The main entrance lobby and stairwell is lined with a 16m tall printed timber pattern by local artist Richard Woods echoing the former use of the site and the external cladding.  Richard Woods was selected after a design competition run by First Base at neighbouring artist studio The Tannery.

The ground floor is a smooth engineering brick base, taking up the changes in level as the road climbs towards the canal bridge. Recesses and projections on the ground floor create a series of events on the street, with coloured doors acting as a contrast to the brick. The entrances to the ground floor 4 bed flats each have stairs projecting onto the street, defining their defensible space.

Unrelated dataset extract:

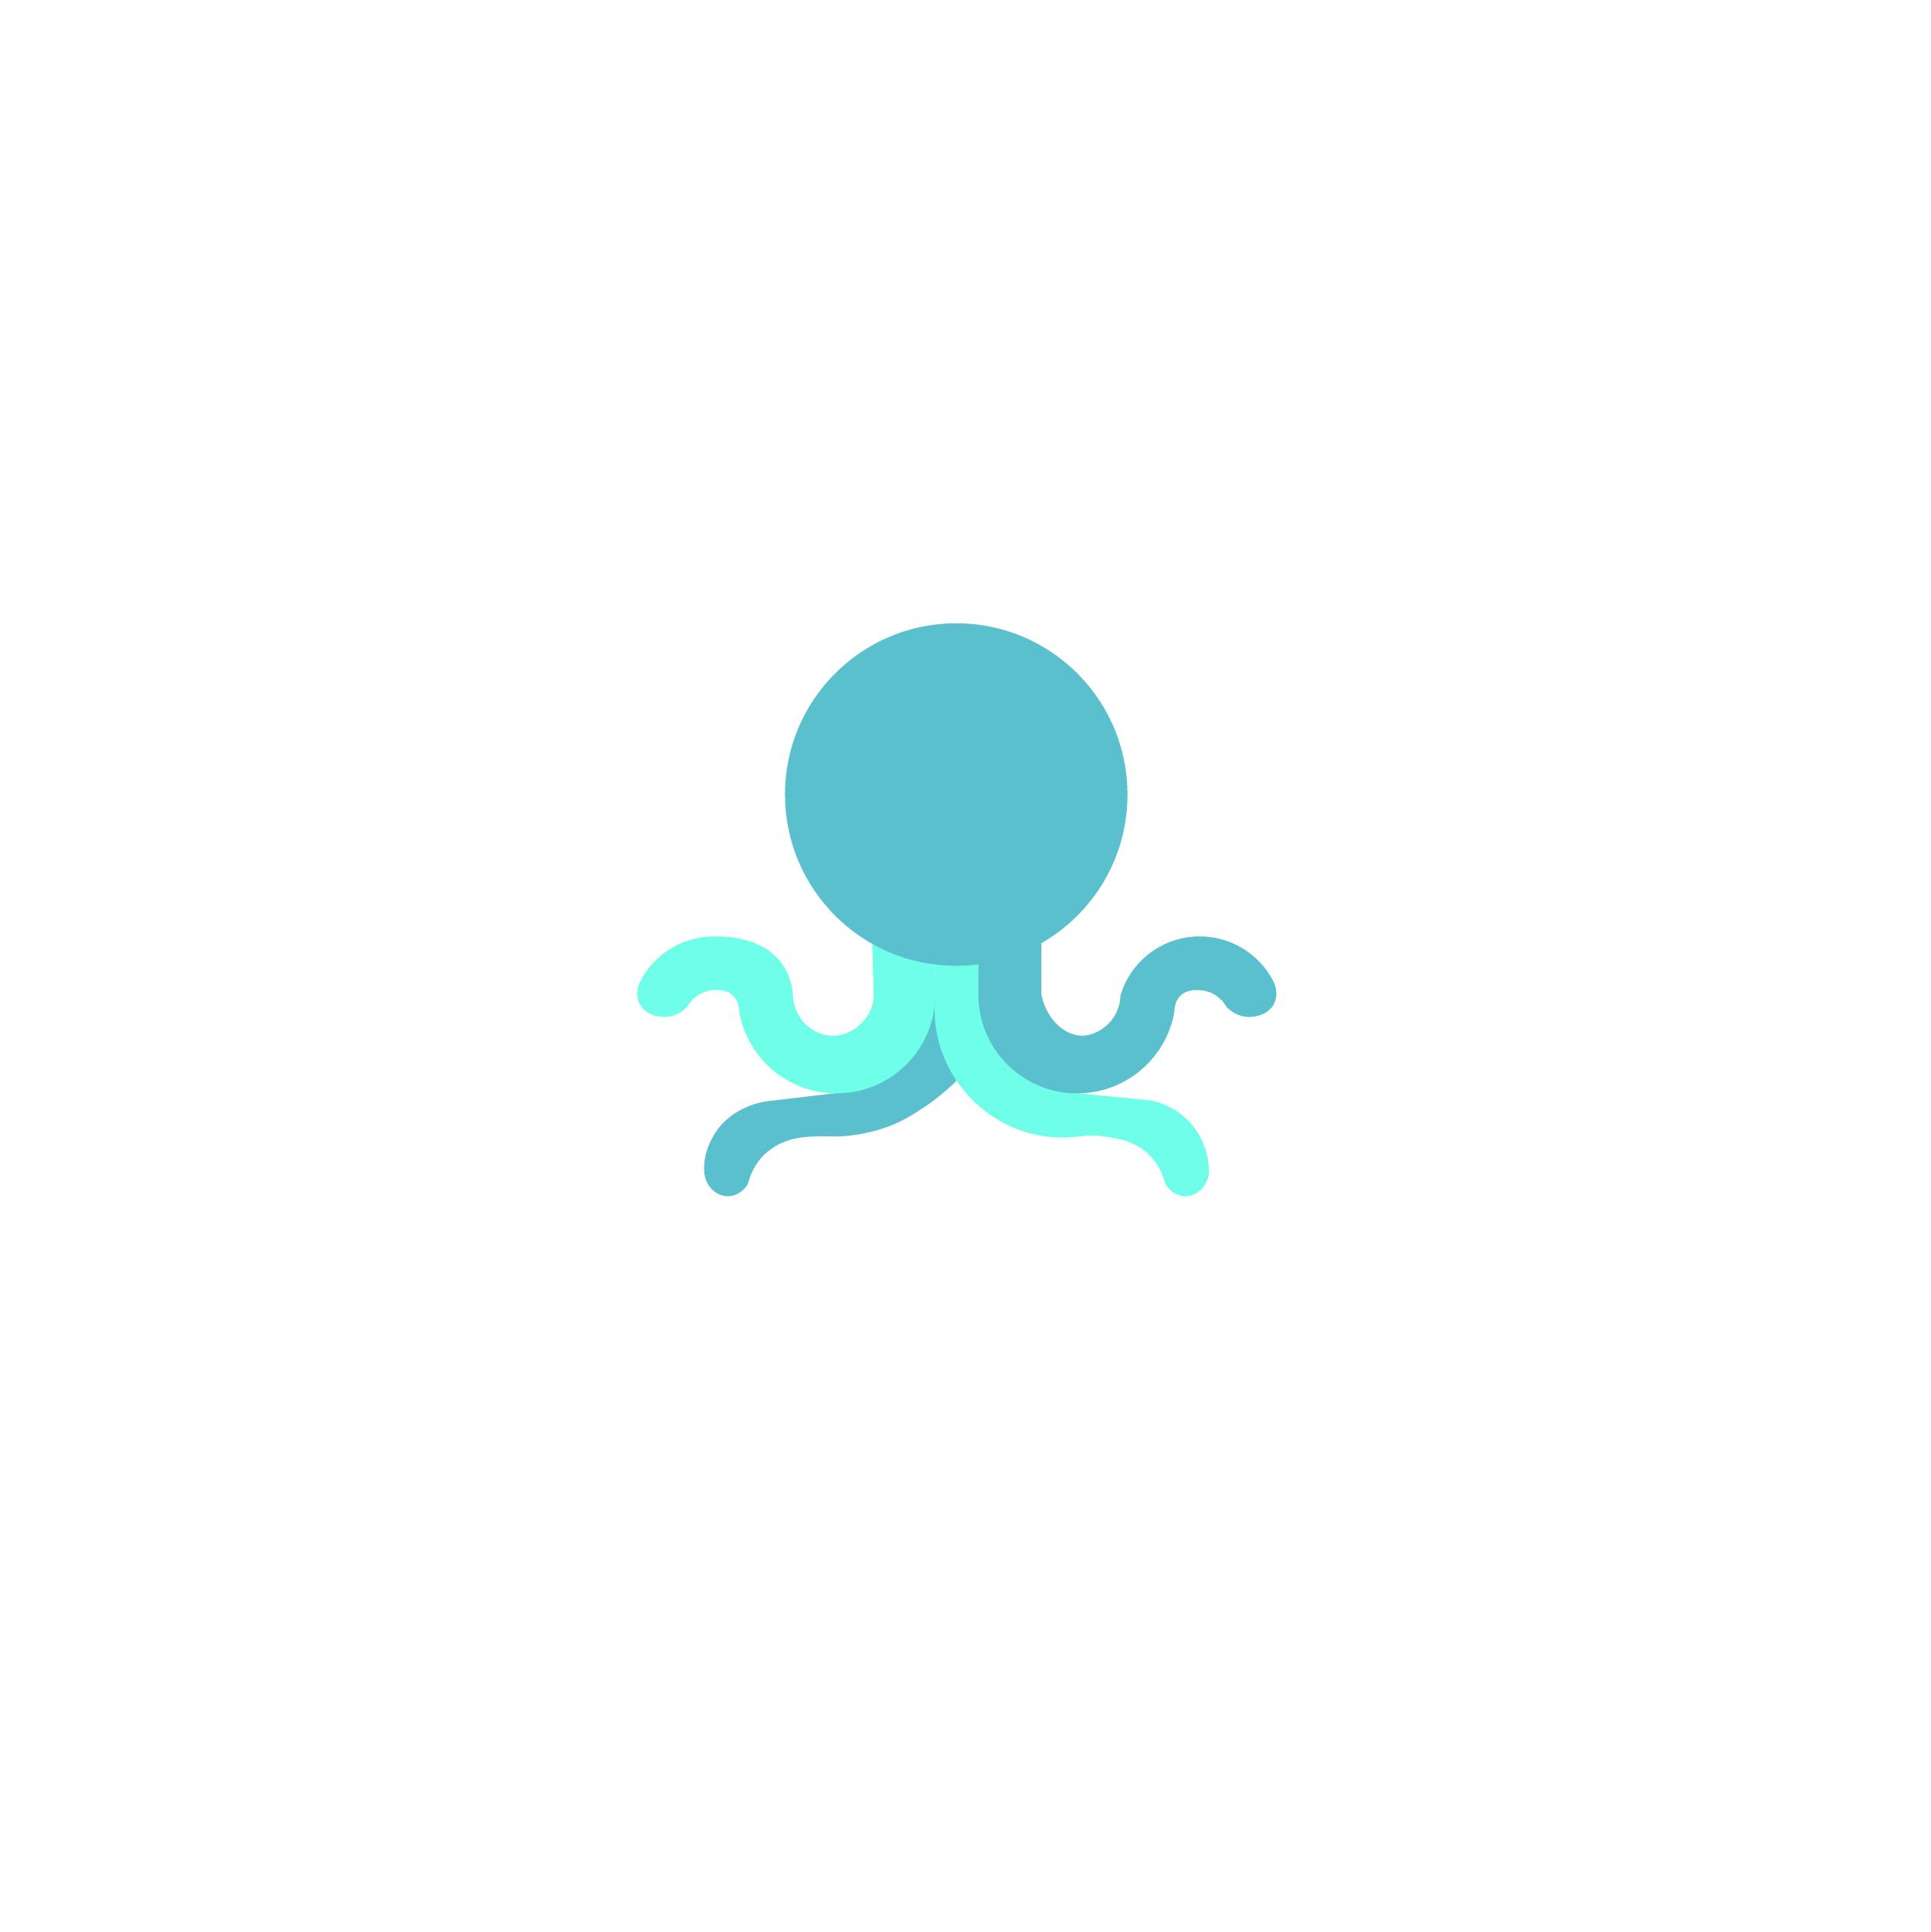 LogoFolio - Jellyfish-01
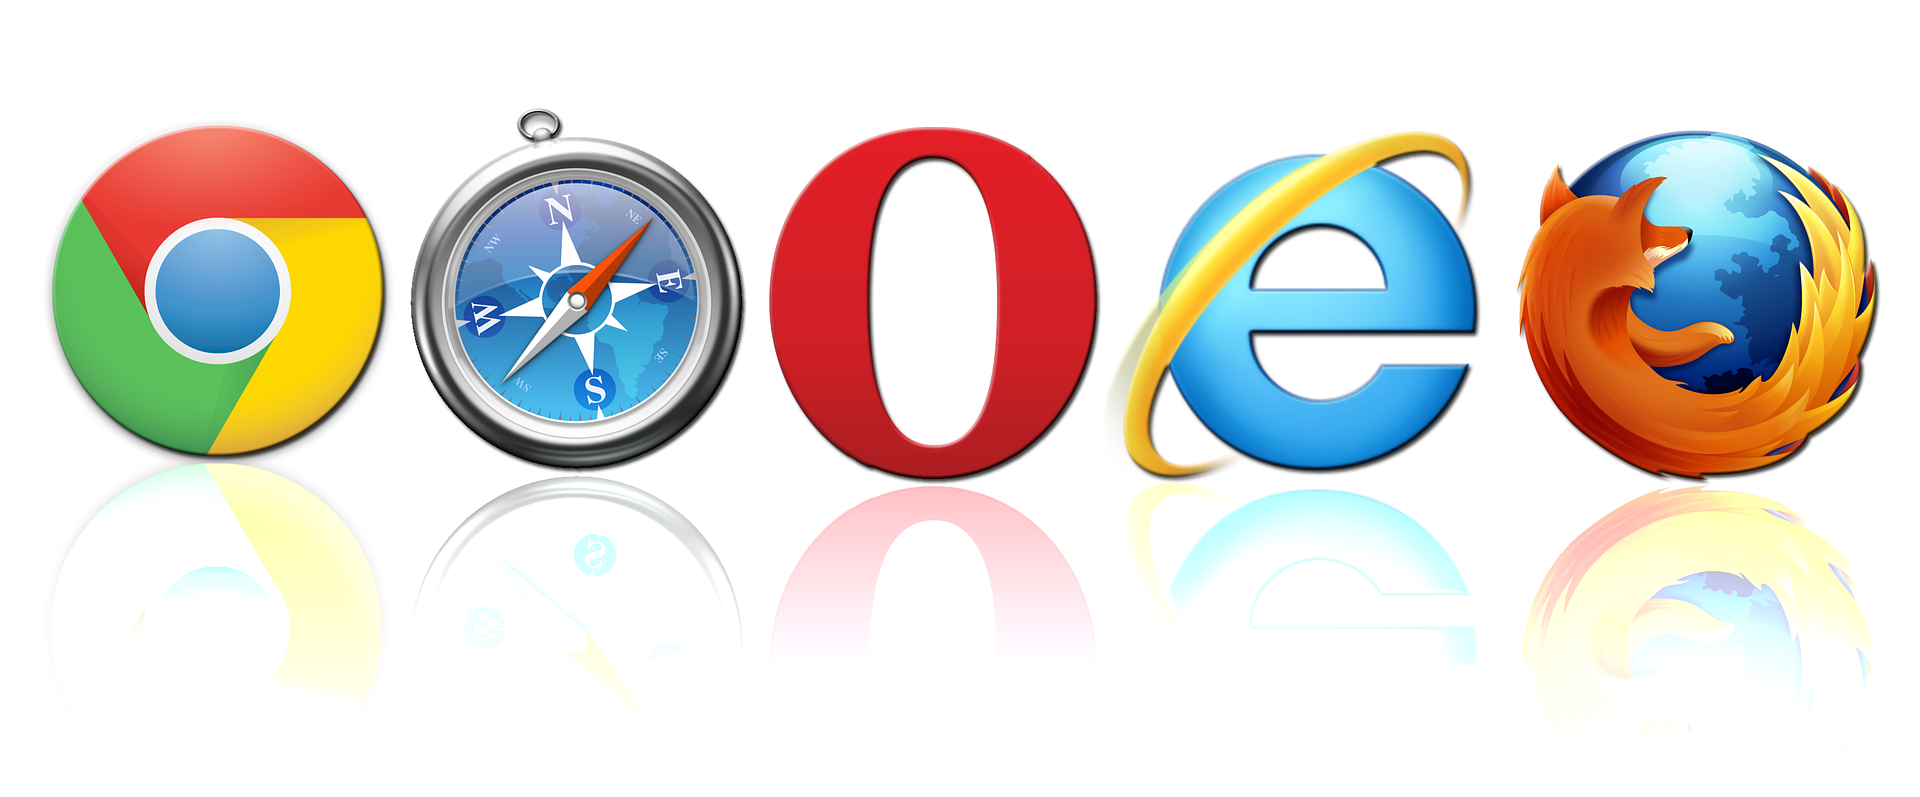 https://petljamediastorage.blob.core.windows.net/root/Media/Default/Kursevi/OnlineNastava/6_razred_IKT_DigitalnaPismenost/browsers1.png

The cladding to the upper storeys is lighter and more textured in character, and consists of vertical boards of rough sawn Siberian Larch, fixed board on board to emphasise the vertical grain, set between bands of smooth zinc. Its fenestration has two repeating window patterns, one of large window openings to the living rooms, and one of vertically proportioned windows onto the bedrooms. This pattern repeats around the building reflecting the arrangement of the flats inside, and the whole treatment is unified by the horizontal zinc band running at each floor level.

Each flat has a balcony supported from beams at roof level, cantilevering like lifting beams on warehouses. Each balcony is clad with a coloured plane with a single fold in it, and offset from the windows, cantilevering in alternate directions at each floor to produce double height gaps between them and reduce overshadowing to the living rooms below. The colours on the planes of the balconies are then graduated across the façade, which are seen to best advantage obliquely down the street.The courtyard at the heart of the scheme is a shared garden for use by the residents, the landscaping providing a focus when viewed from above and from the street. Simple use of geometric lines relating to the façades, circulation and lines of movement through the site create a variety of smaller spaces for the use of different groups of people for resting or playing in the space simultaneously. These are formed by lines of hedges and trees delineating different simple surface finishes.